* WHAT IS REQUIRED:
Output the lines of the listing below exactly, starting at the line containing "Catskill Regional Medical" and stopping after the last line, with any pictures dropped.

* GIVEN DATA:
· · · · · · ·

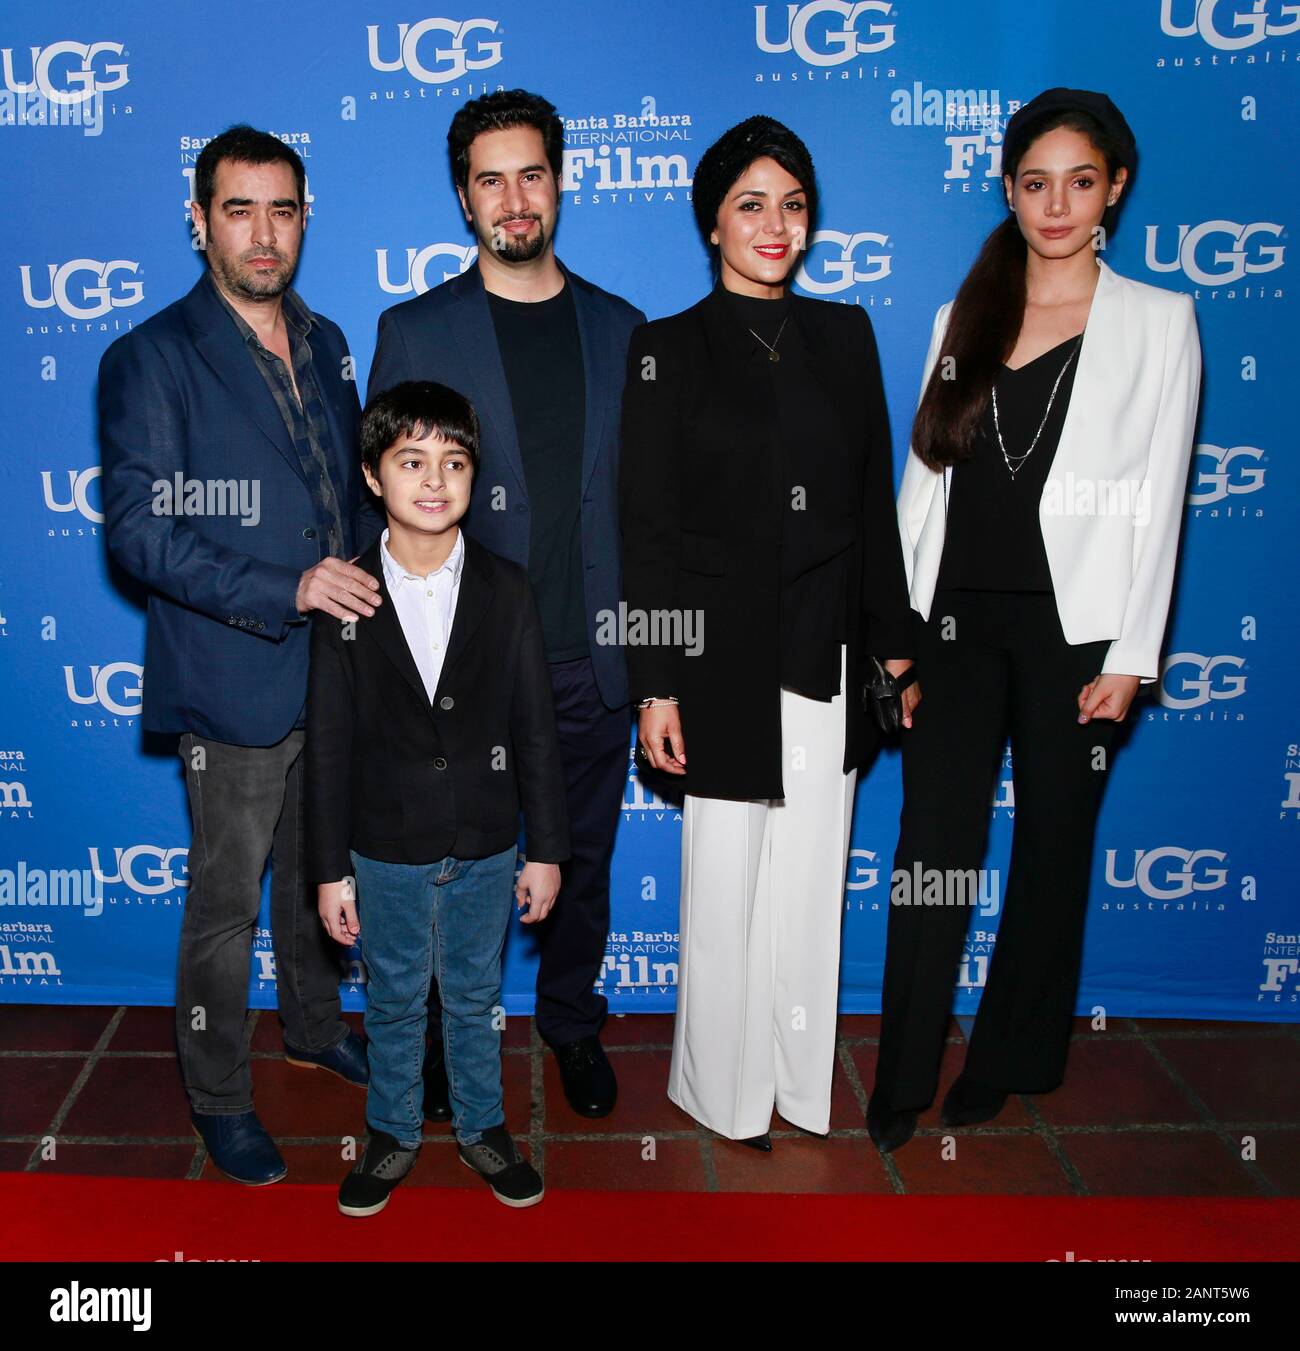 Santa Barbara, CA - Jan 18, 2020: Shahab Hosseini, Niousha Jafarian and Shahab Hosseini attend the 35th Annual Santa Barbara International Film Festiv Stock Photo
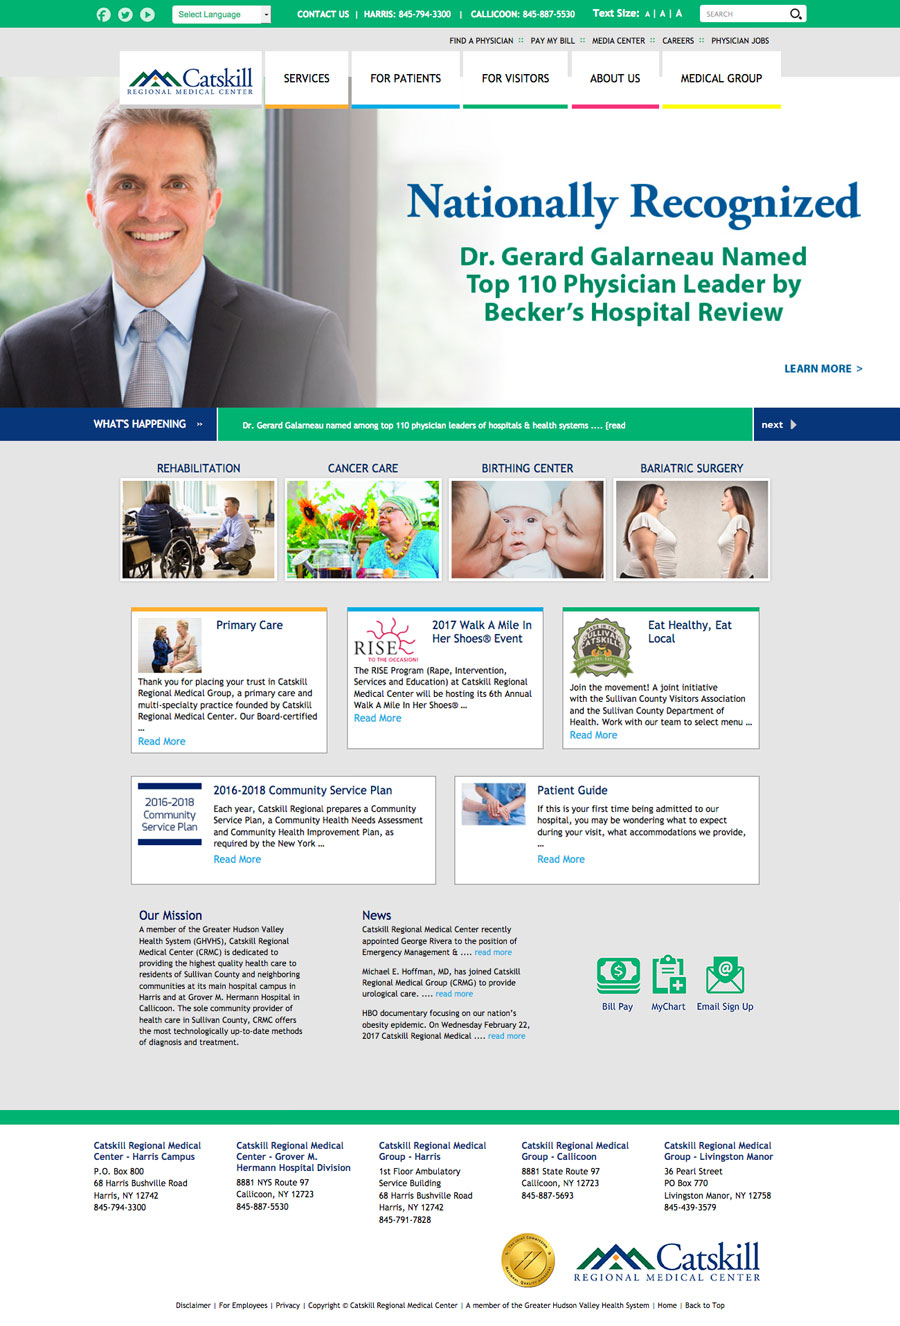 Catskill Regional Medical Center Website Design and Development
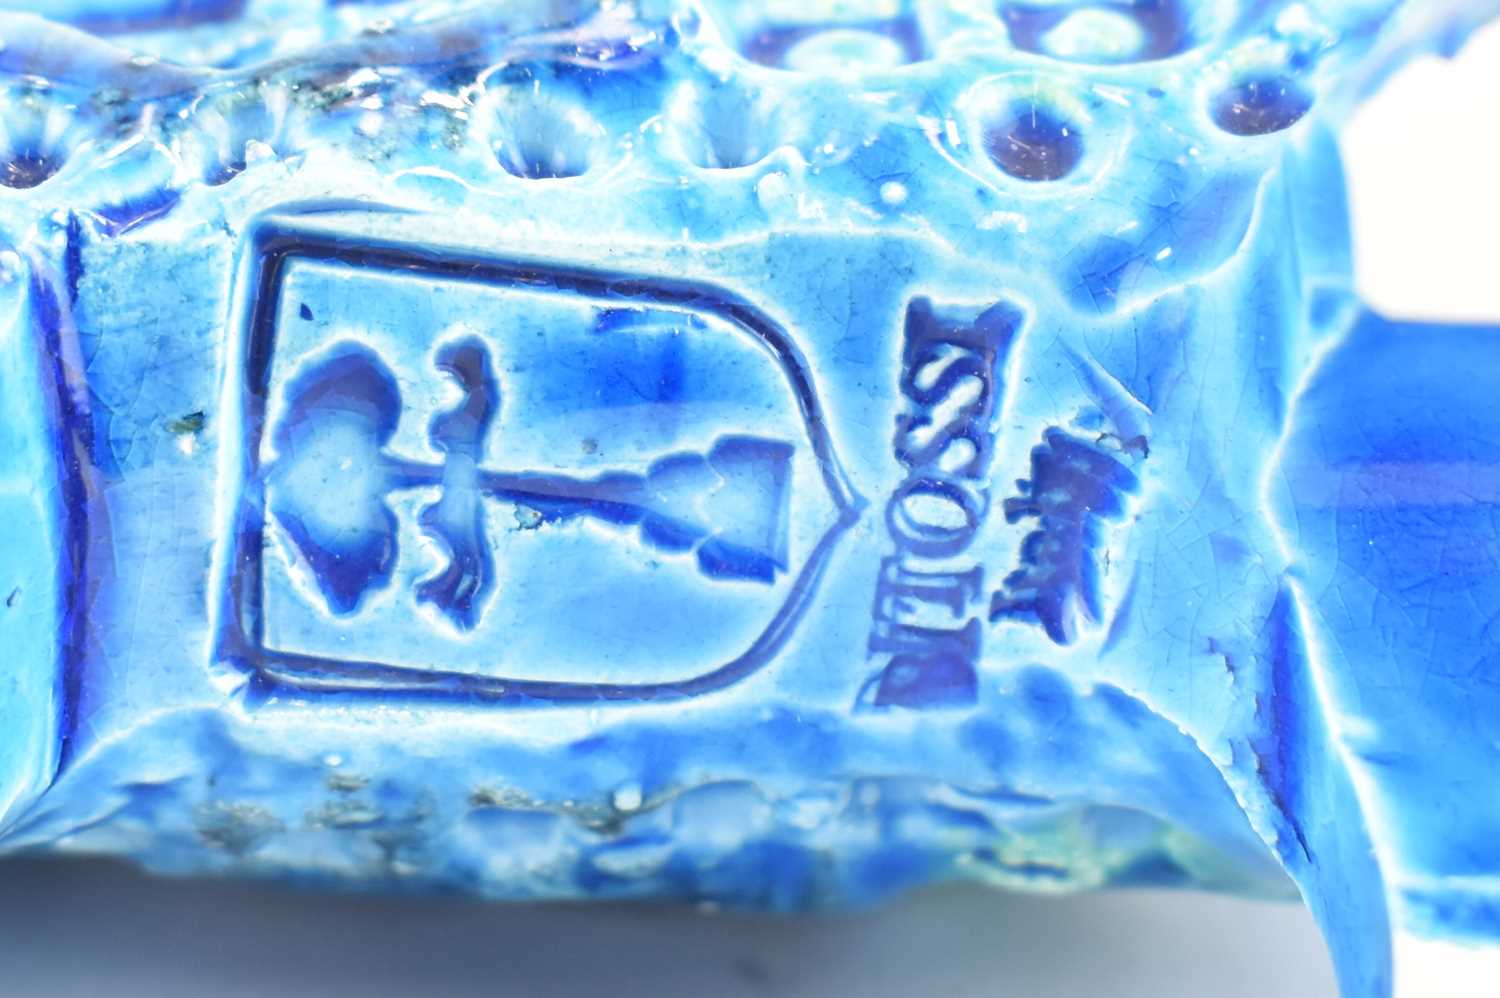 ALDO LONDI FOR BITOSSI; an Italian ceramic elephant decorated with the Rimini blue glaze, with - Image 4 of 4

· · · · · · ·

* SOLUTION FOR THIS PROBLEM:
 Catskill Regional Medical Center Website Design and Development
 ALDO LONDI FOR BITOSSI; an Italian ceramic elephant decorated with the Rimini blue glaze, with - Image 4 of 4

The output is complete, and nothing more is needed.